Director Johannes Roberts, who previously did 47 Meters Down and The Strangers: Prey at Night, brings that same B-movie efficiency here—minimal fat, fast escalation, and a willingness to lean into the ridiculous without winking too hard. Once Ben escapes, the film basically becomes a series of tightly staged, high-tension set pieces: kids trapped in a pool while a chimp stalks the edge, frantic dashes through glass corridors, and messy, up-close attacks where you really feel the weight and speed of the animal. The pool sequence in particular is a great example of Roberts finding one strong visual idea—humans stranded in water because the predator can’t swim—and milking it for all the dread he can. It’s simple, almost old-fashioned monster-movie blocking, but it works because the geography is clear and the danger feels immediate rather than abstract.

Visually, the film is punching above what you might expect from “rabid chimp horror.” The cliffside house setting gives Roberts and his team a lot to play with: long glass walls, sharp drops, tight stairwells, and that infinity pool hanging over nothing. The camera favors clean, legible compositions instead of frantic shaky-cam, which means when the violence happens, you actually see it—and the movie is proud of that. There’s a grimy 80s-video-store energy to the way kills are framed and lingered on just long enough to be uncomfortable, but not so long that they turn into camp. Adrian Johnston’s synth-heavy score leans into that retro horror vibe too; it buzzes and screeches like someone let a demon loose on a cheap keyboard, and it matches the film’s mix of nasty and playful pretty well.

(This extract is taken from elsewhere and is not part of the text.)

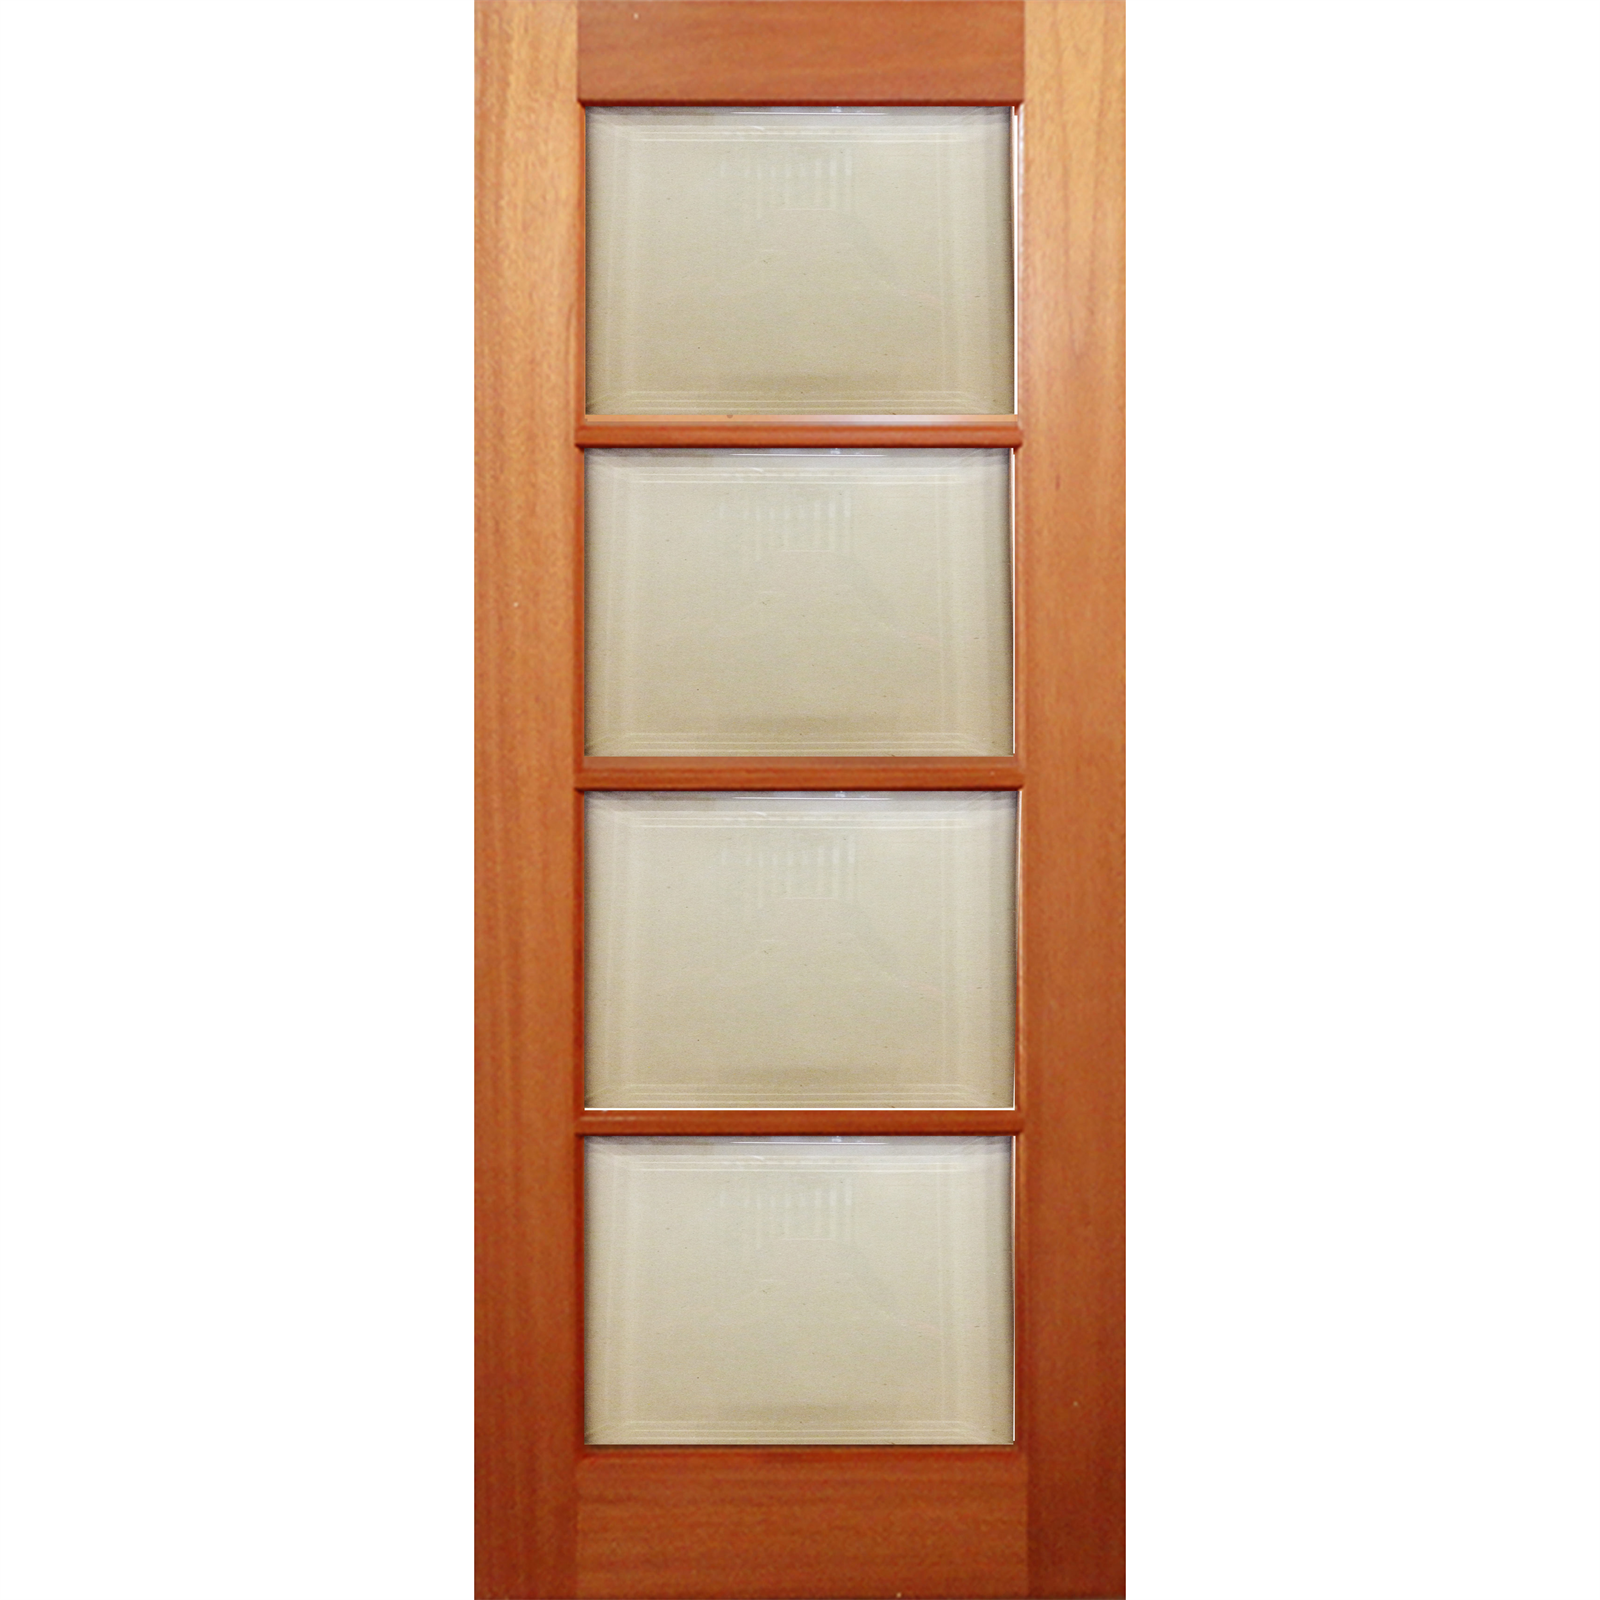 Woodcraft Doors 2040 x 820 x 40mm Lauren Clear Bevelled Safety Glass Entrance Door

The real secret weapon here is Ben himself. Rather than going full CGI or trying to work with a real chimp, the production uses a combination of suit performance, animatronics, and careful staging, with Miguel Torres Umba giving the creature its physical personality. The result is surprisingly convincing; there are stretches where it feels like you’re watching a real animal charge people on stairs or slam into doors, which makes the violence land harder. You can tell the effects team put in serious work on the costume and facial mechanics—Ben’s expressions shift from confused, childlike attachment to full-on feral rage, and that emotional readability helps sell him as a character instead of just a prop. Importantly, the film avoids the “PS3 cutscene” problem of bad CG animals, which would have killed the tension immediately.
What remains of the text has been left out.